For weeks, they took turns going to Dahiyeh to check on their apartment and were looking forward to returning.
But it was damaged by Israeli air strikes just a day before the ceasefire. The walls, she said, had crumbled and broken glass and debris covered their home.
“We’re happy the war is finally over, but we are devastated our house has been destroyed,” Haidar said.
While this moment is bittersweet, Haidar refuses to be away from her community any longer and insists they will rebuild their lives.
“We don’t know where we’re going exactly, but we’re not going to stay here.”

Israel escalated its bombardments across Beirut on Tuesday night, hours before the ceasefire took effect.
Kenj’s cousin Mohammed was killed in an Israeli air strike in Bashoura, a densely populated neighbourhood in the heart of the city. He survived the entire war, only to be killed in its final hours.

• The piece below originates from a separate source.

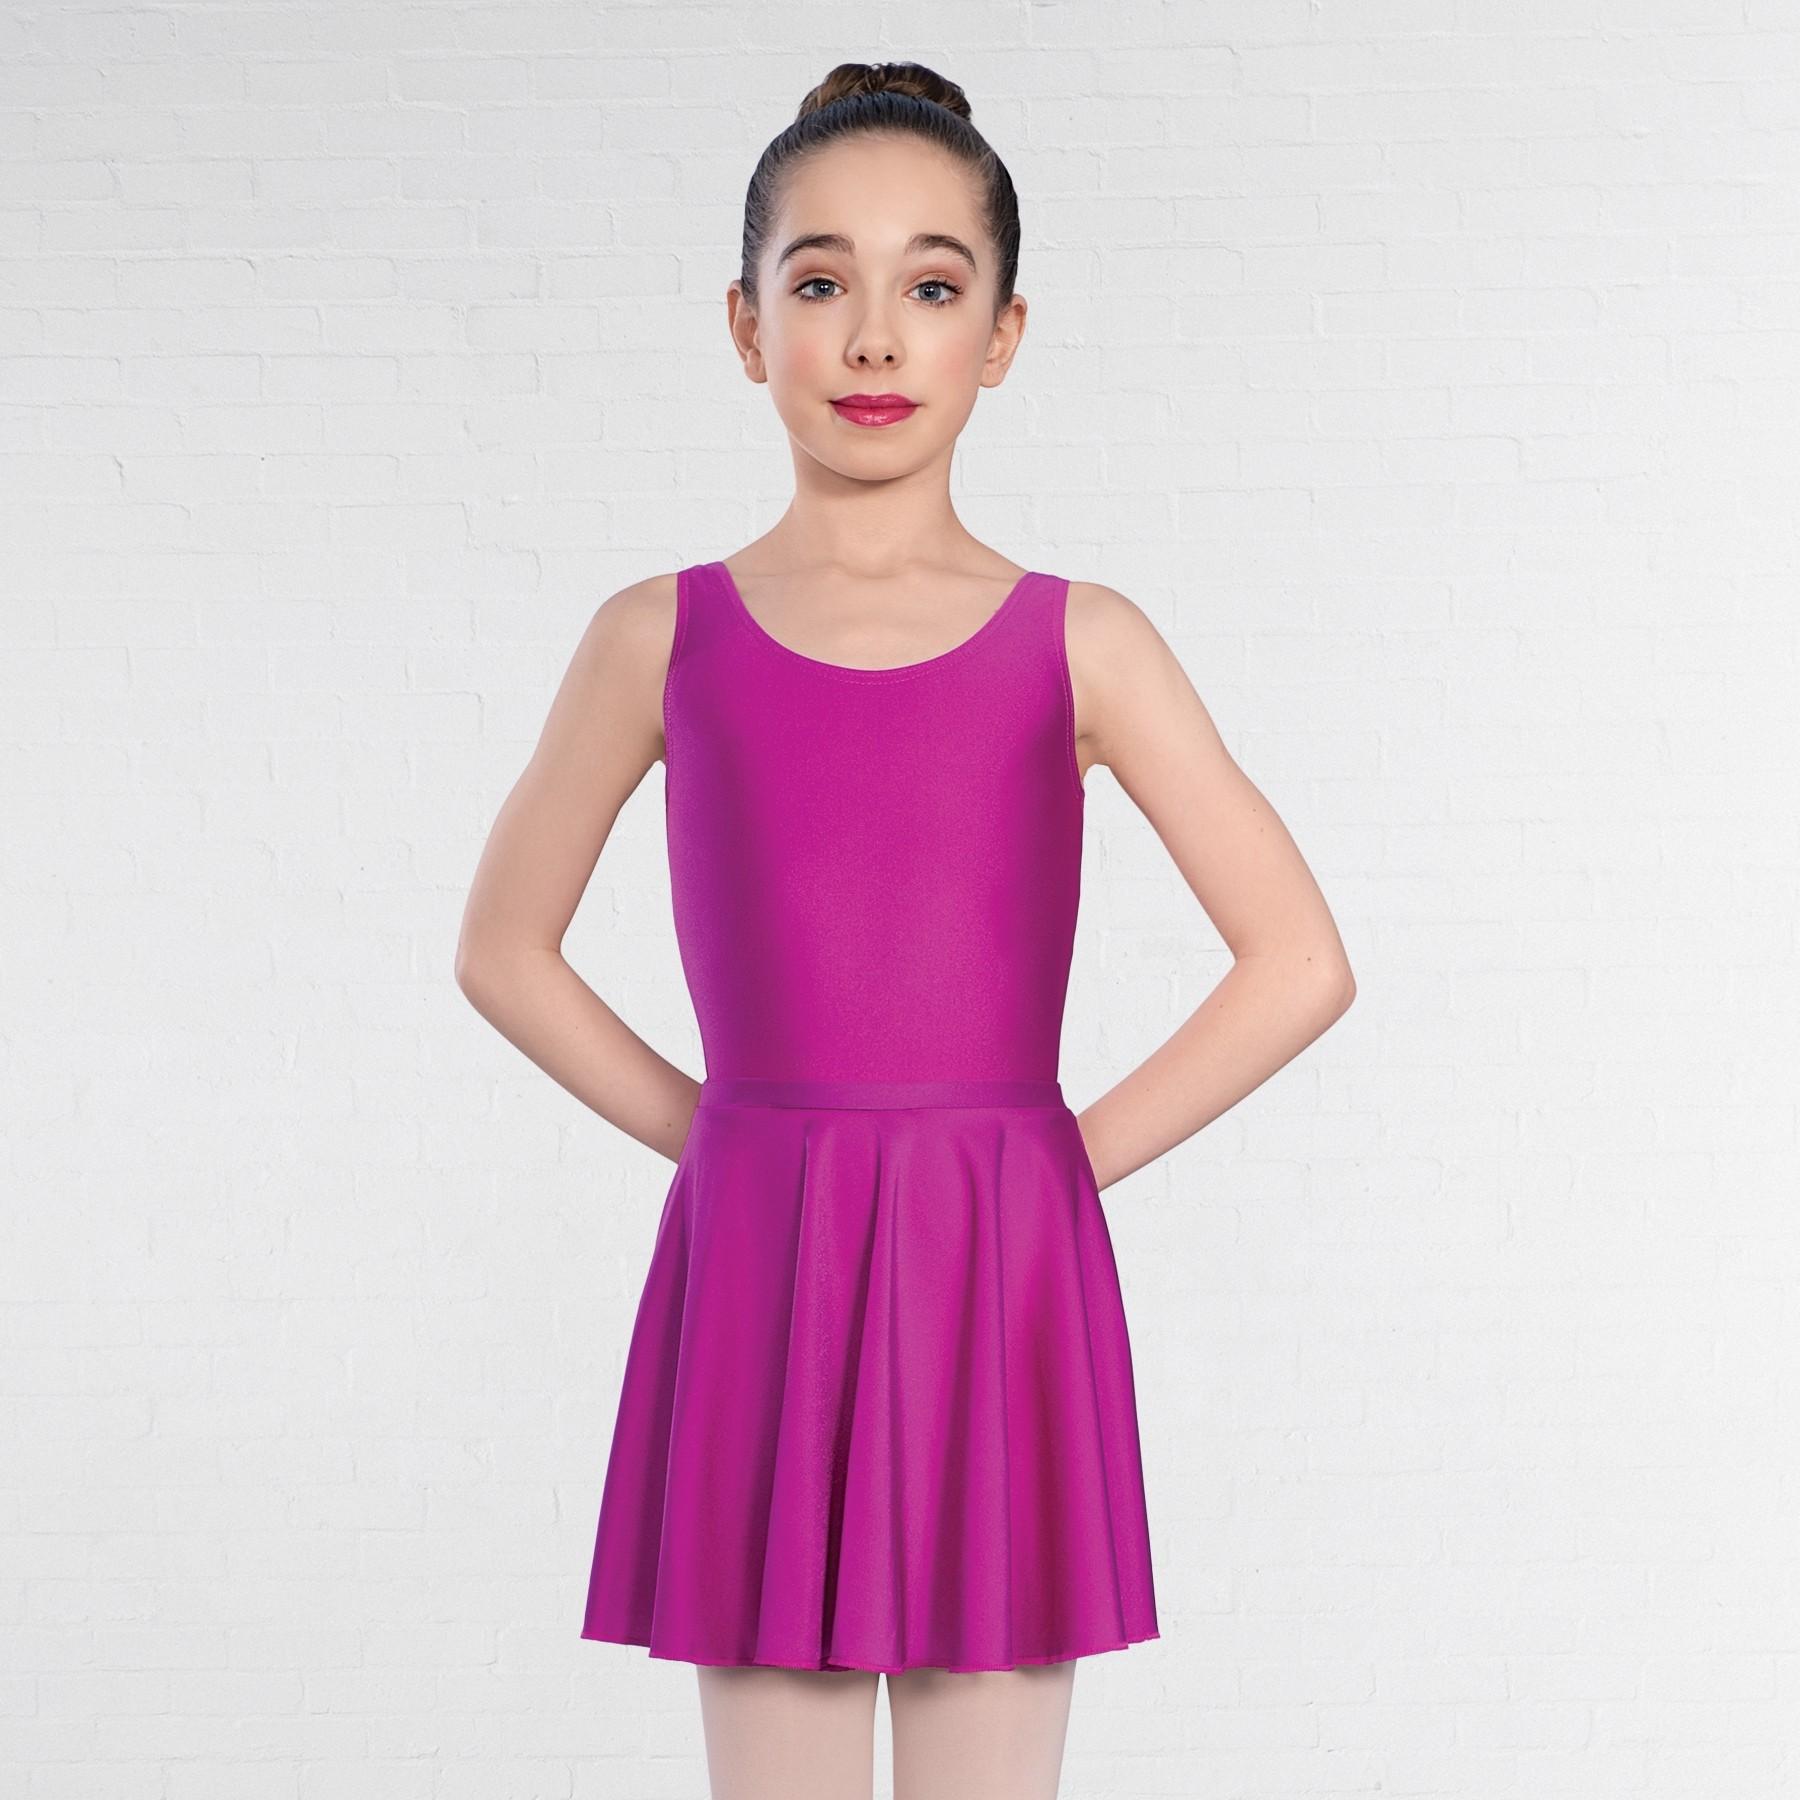 978c28676969 1st Position Value Sleeveless Leotard (Bright Pink)

“My mother went today to the funeral to pay her respects and mourn him,” he told Al Jazeera. “I wish I knew him more, but he was older than me with a [wife and children who survived the strike], and we didn’t have much in common.”
Kenj is still wrestling with grief after losing a family member and his sense of home and security.

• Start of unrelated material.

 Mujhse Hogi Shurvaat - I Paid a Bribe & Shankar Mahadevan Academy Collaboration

Unlike previous conflicts between Hezbollah and Israel, he doesn’t believe the latest one can be claimed as a victory.
“We’re mourning and we’re depressed. Anyone who tells you we were victorious is lying,” he told Al Jazeera, relating a common sentiment at the shelter.
Ayat Mubarak, 64, said the mood among her family is quite different compared with the 2006 war.
Even though they had lost their home, their spirits were high because they firmly believed Hezbollah was victorious. This time, they are less convinced.
Taking a drag from a cigarette, Mubarak added that her husband was heading to Dahiyeh to check if their home was intact. She hopes it is so they can finally return.
“If my husband tells us that our house is gone, then that is God’s plan,” she said with resignation.
“God writes the destiny of each one of us.”